D.A. Dupree has successfully created the first ever “Conviction Integrity Unit” in the state of Kansas, since re-named “Community Integrity Unit” which is responsible for ensuring that convictions obtained previously still hold integrity today and holding law enforcement accountable with the establishment of a hotline for residents to register complaints. His efforts for transforming the traditional manner in which District Attorney’s Offices have operated has been recognized nationally, with articles featured twice in the New York Times and interviewed on the nationally syndicated Roland Martin Show.

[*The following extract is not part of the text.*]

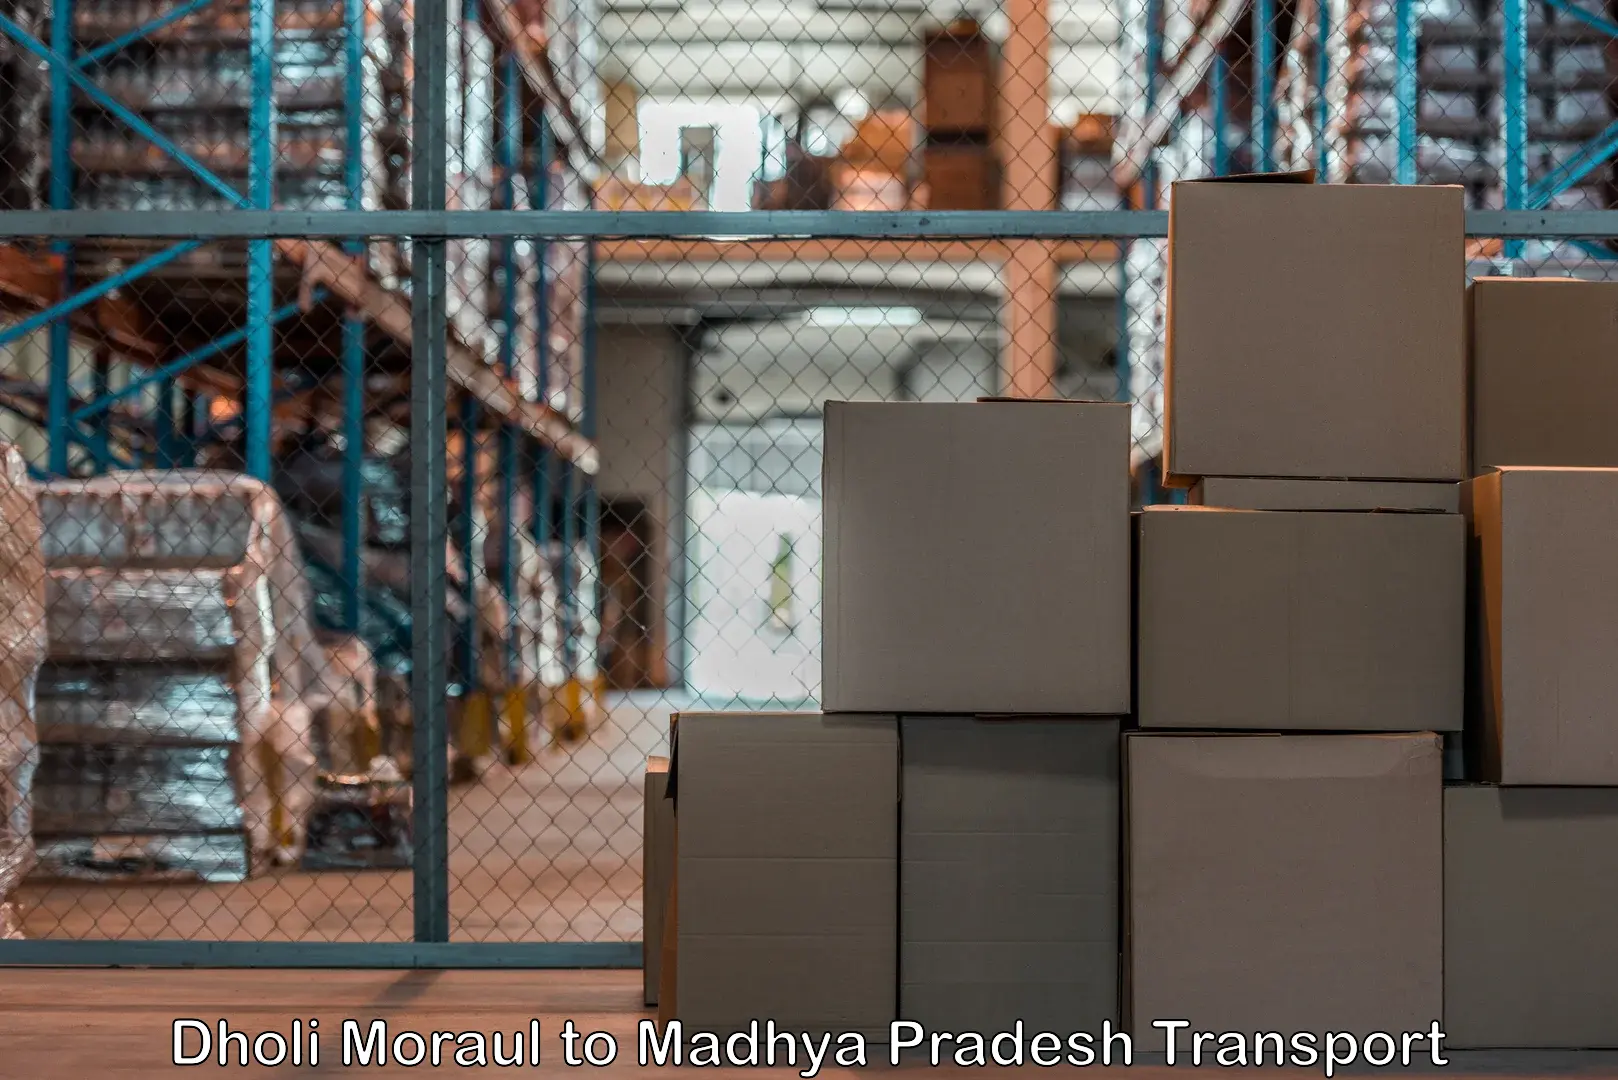 Truck transport companies in India Dholi Moraul to Pithampur

Community involvement is the bedrock of the Dupree Administration. It builds community trust, and that trust greatly assists in crime prevention and bringing justice. Mr. Dupree and his administration lead the way in speaking at schools, neighborhood watch meetings, church gatherings, and civic organizations.

George Gascón

On Dec. 7, 2020, George Gascón was sworn in as the 43rd District Attorney of Los Angeles County, delivering his visionary approach to criminal justice reform to the nation’s largest local prosecutorial office. Gascón, who rose through the ranks of the Los Angeles Police Department from patrol officer to Assistant Chief of Police under Bill Bratton, served as Chief of Police in Mesa, Ariz., before being named Chief of Police in San Francisco by then-Mayor Gavin Newsom.

In 2011, Newsom tapped Gascón to fill the District Attorney vacancy created by Kamala Harris’ election to California Attorney General. The Cuban-born attorney became that city’s first Latino police chief and the nation’s first police chief to become District Attorney.

During his two terms in office, Gascón decreased San Francisco’s jail population by nearly 30% and reduced violent crime to historic lows. He was the nation’s first District Attorney to call for an end to cash bail and first to launch an automatic record-clearing program for marijuana convictions following legalization.

Gascón created California’s first independent investigation bureau to enhance transparency and limit the conflict of interest that occurs when police agencies investigate themselves. He was the state’s only District Attorney to support a law creating stricter standards for police use of force.

Gascón holds a Bachelor of Arts in History from California State University, Long Beach, and a Juris Doctor Degree from Western State University, College of Law.

He is married to Fabiola Kramsky, a three-time Emmy Award-winning journalist.

Dan Satterberg  

Dan Satterberg retired as King County (Seattle, WA) Prosecuting Attorney at the end of 2022. He served in the office for more than three decades and was first elected to lead it in November 2007. King County has more than 2.1 million residents, making it the thirteenth-largest county in the United States.

As Prosecuting Attorney, Dan Satterberg was committed to reforming the criminal justice system by partnering with those communities most impacted by crime. Through such community partnerships, he created successful programs to keep young people engaged in school and to divert youth from the courtroom to a motivational intervention called “The 180 Program.” His office also partnered on diversion programs to help families with juvenile domestic violence and is using restorative justice strategies to address youth violence.

Under Mr. Satterberg’s leadership, the King County Prosecuting Attorney’s Office was a founding partner in the creation of Law Enforcement Assistant Diversion (LEAD), a national model for creating a compassionate response to drug-addicted people that provides police with additional tools for responding to individuals struggling with addiction and mental health challenges. He also serves as the co-chair of the Washington State Reentry Council and is committed to reducing recidivism among people leaving jail and prison.

Mr. Satterberg graduated from the University of Washington undergraduate (Political Science and Journalism) and Law School.